- DATASET SECTION -
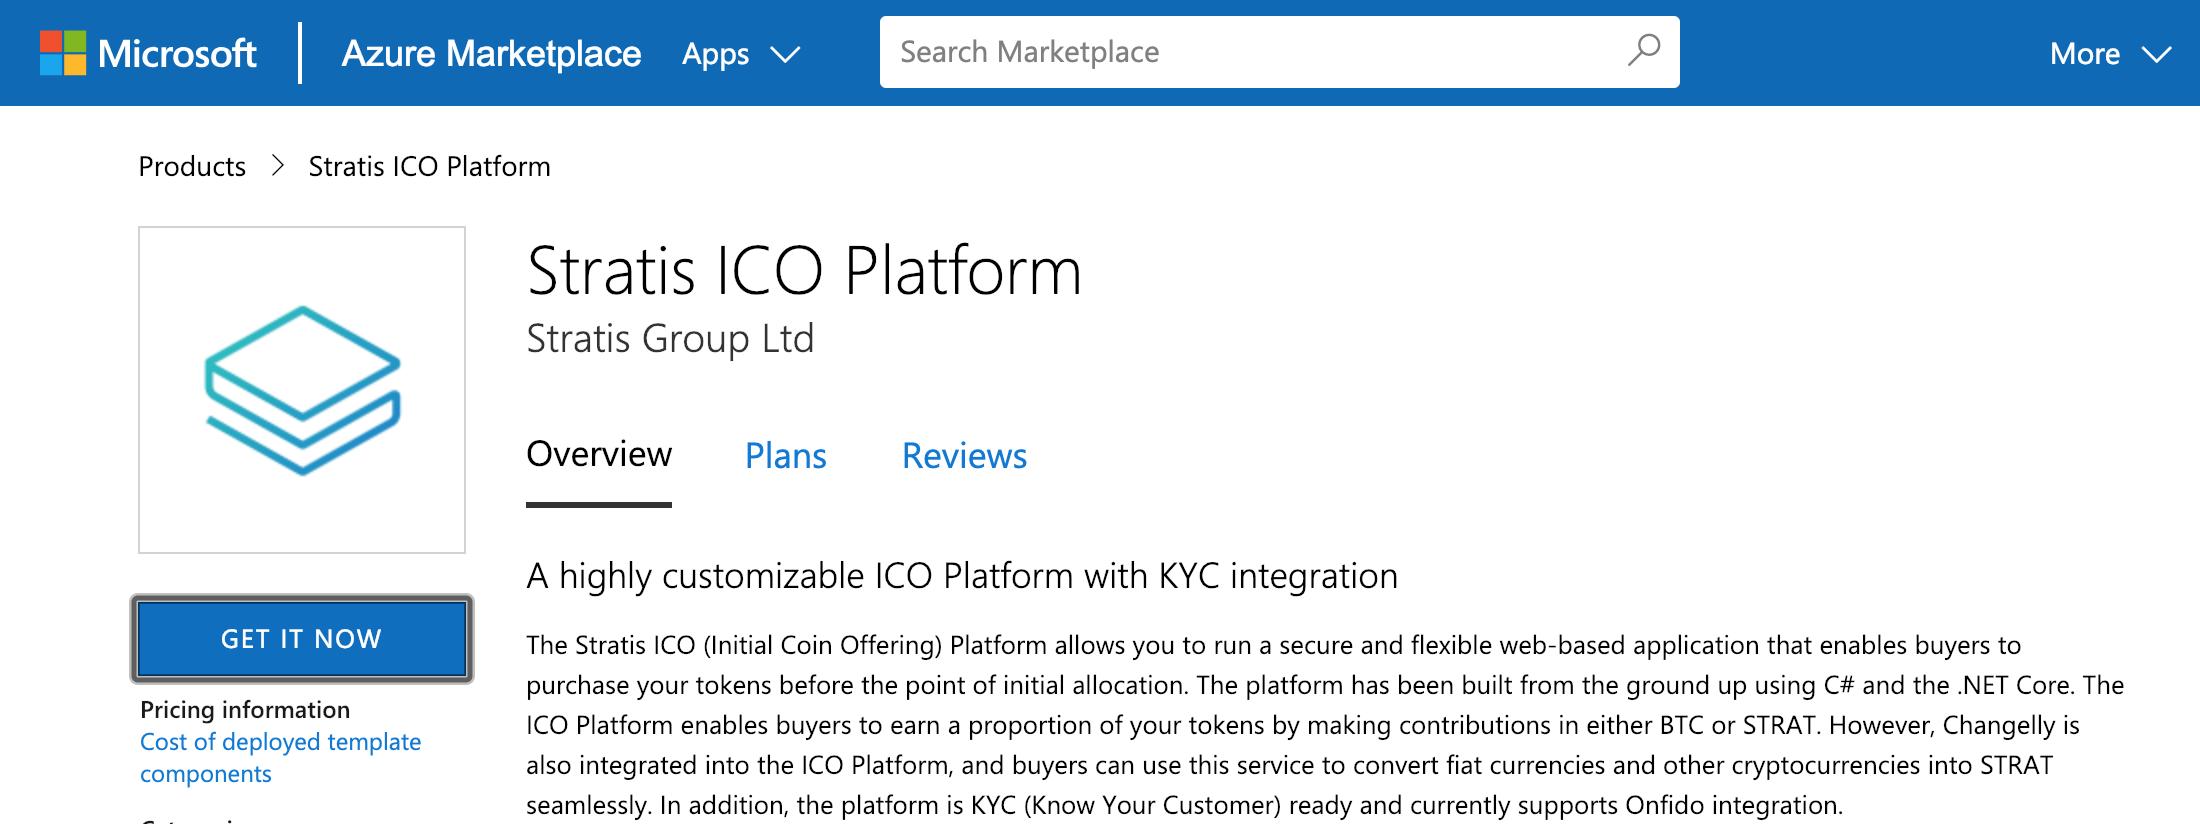 stratis-ico-platform-microsoft
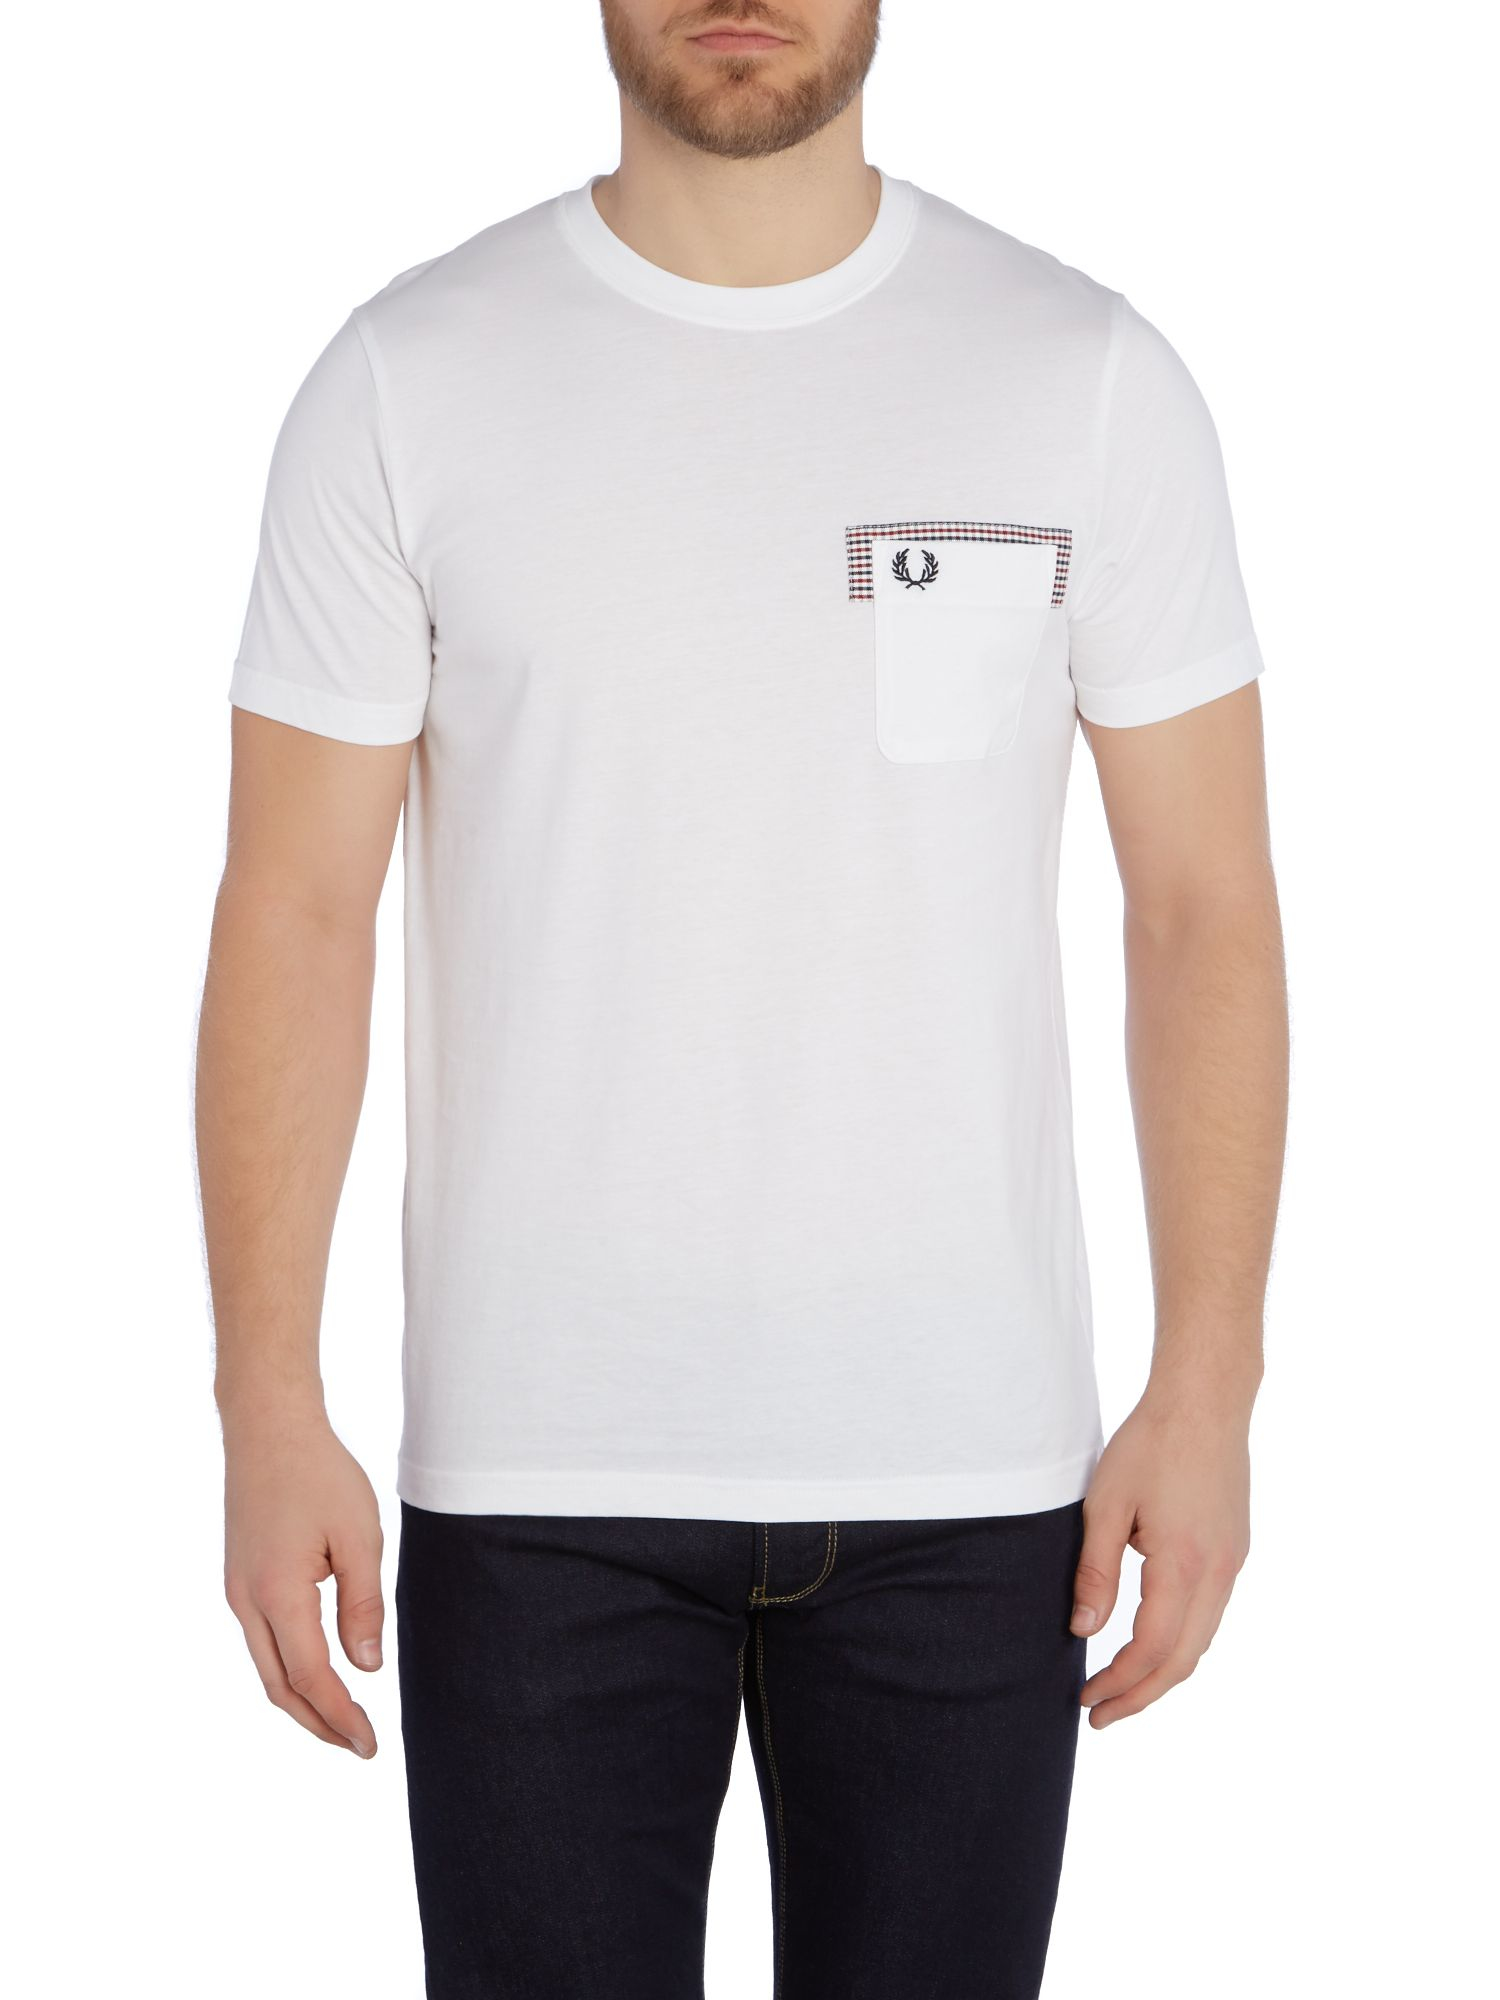 fred perry gingham trim pocket crew neck t shirt in white for men. Black Bedroom Furniture Sets. Home Design Ideas
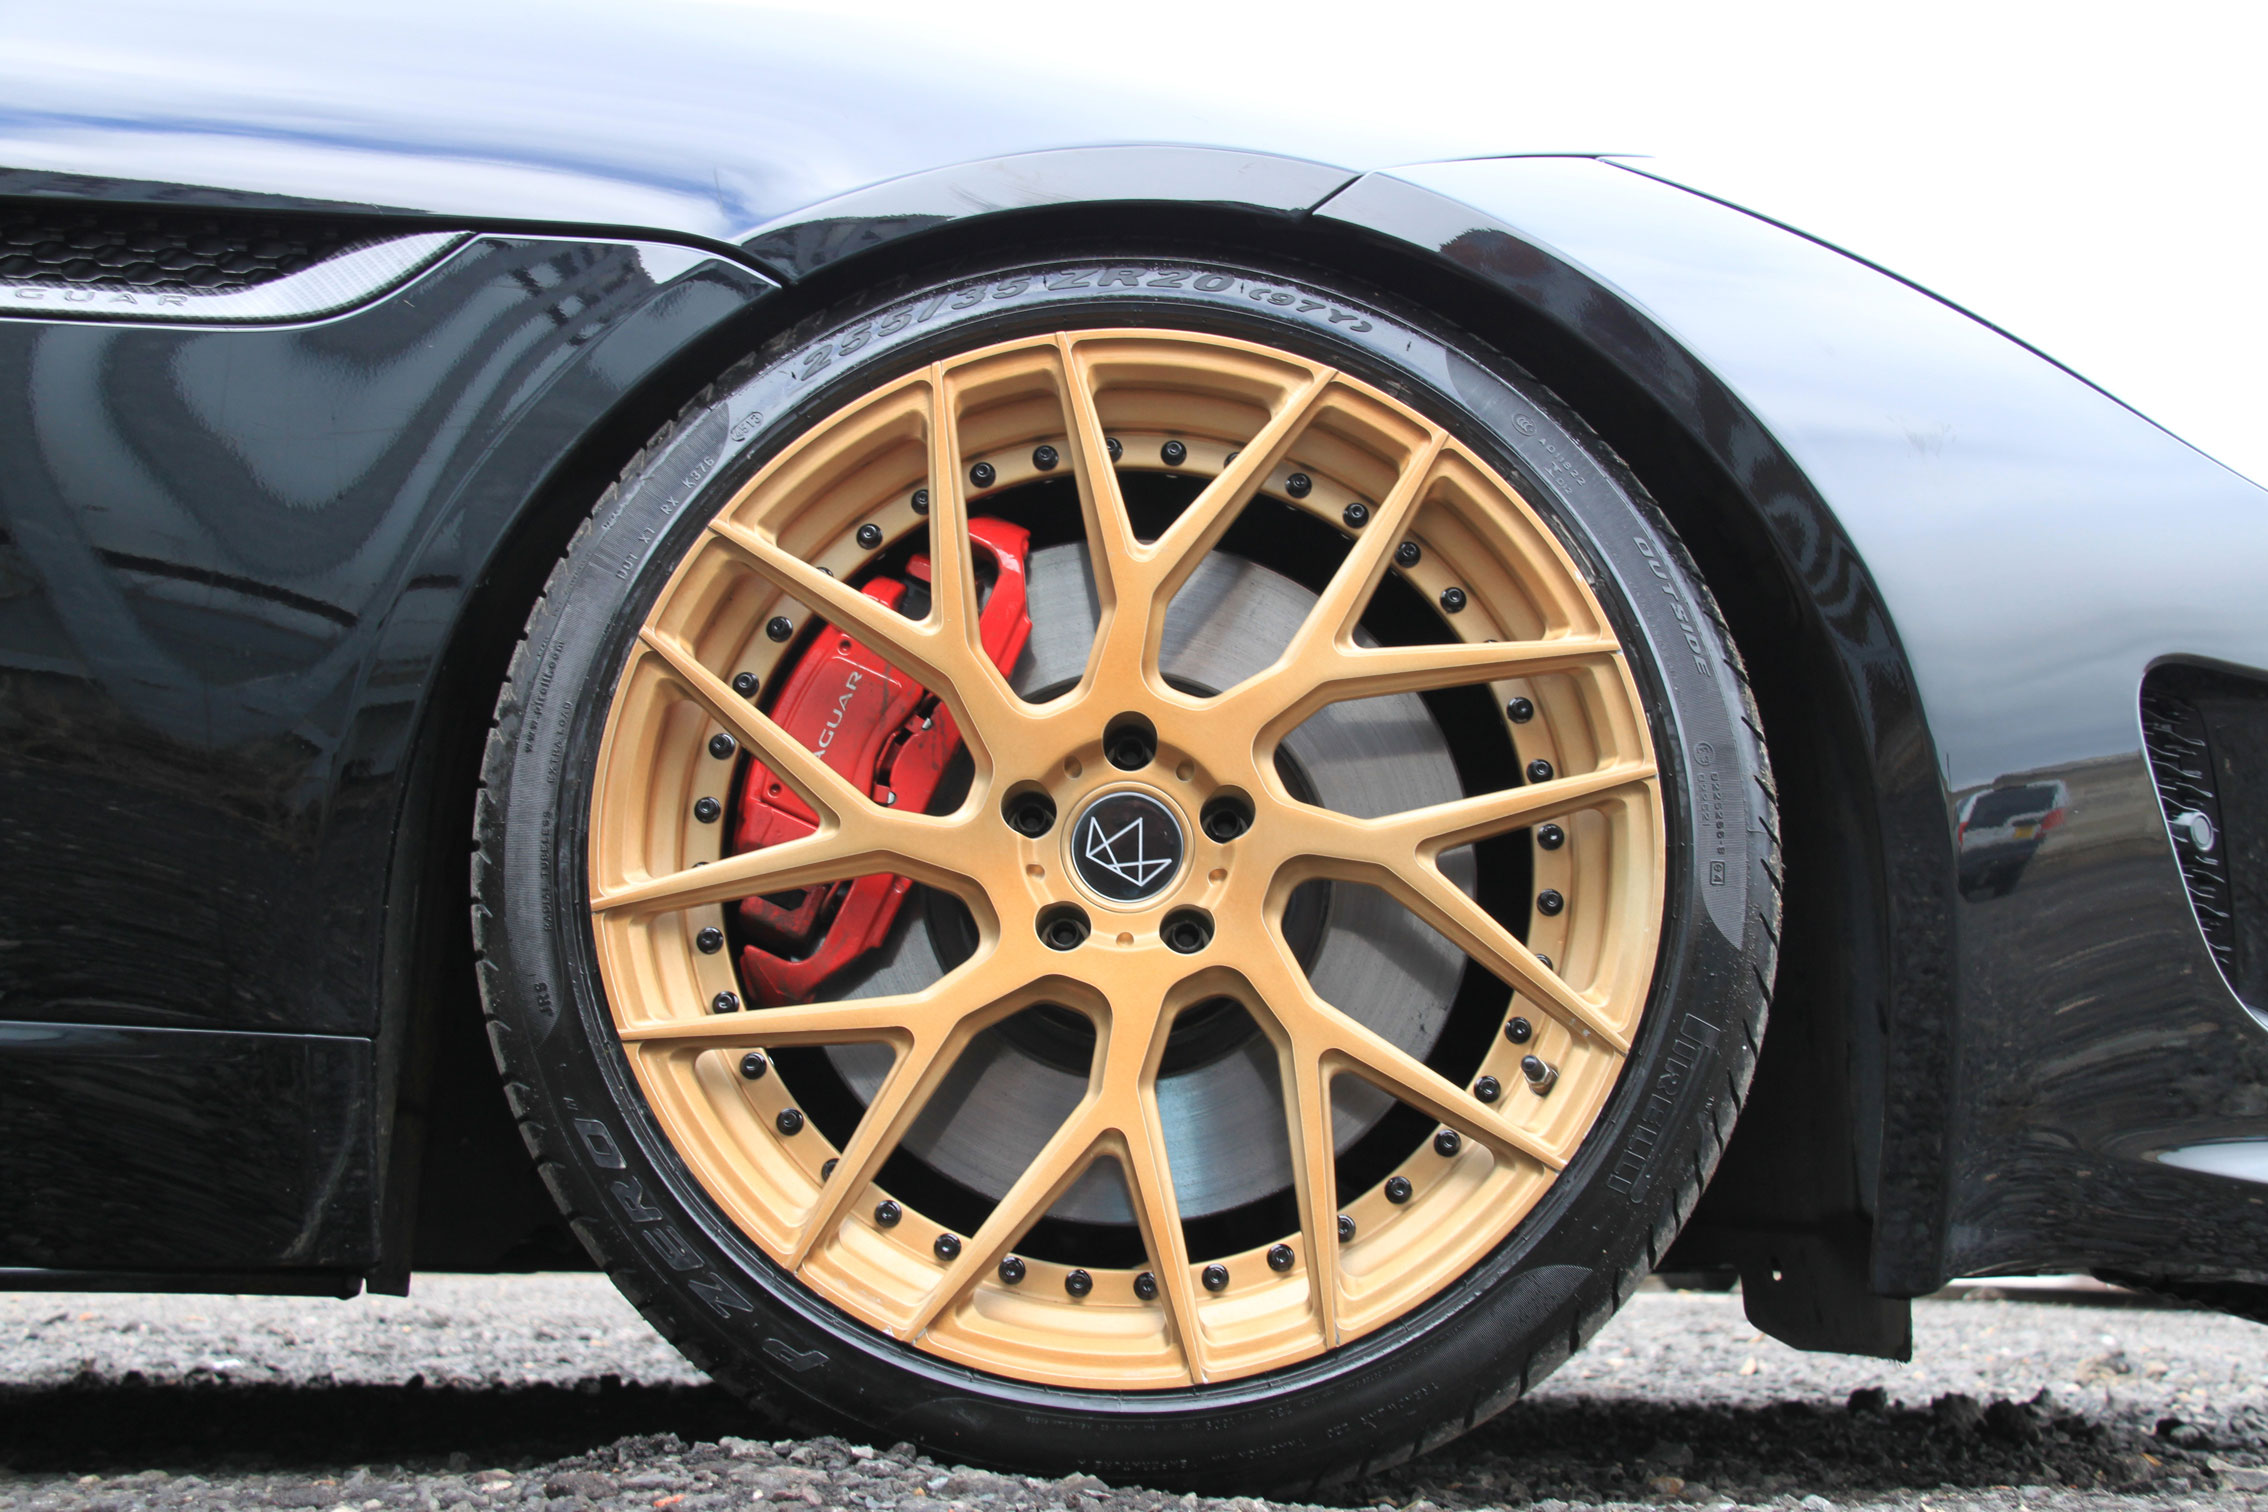 jaguar-F-type-wheel-gold.jpg

- YOUR INSTRUCTIONS -
Leave the pictures out and retype only the lines from the line with "fred perry gingham" through the final line of the material, both ends included, word for word.

- FINAL ANSWER -
 fred perry gingham trim pocket crew neck t shirt in white for men. Black Bedroom Furniture Sets. Home Design Ideas
 jaguar-F-type-wheel-gold.jpg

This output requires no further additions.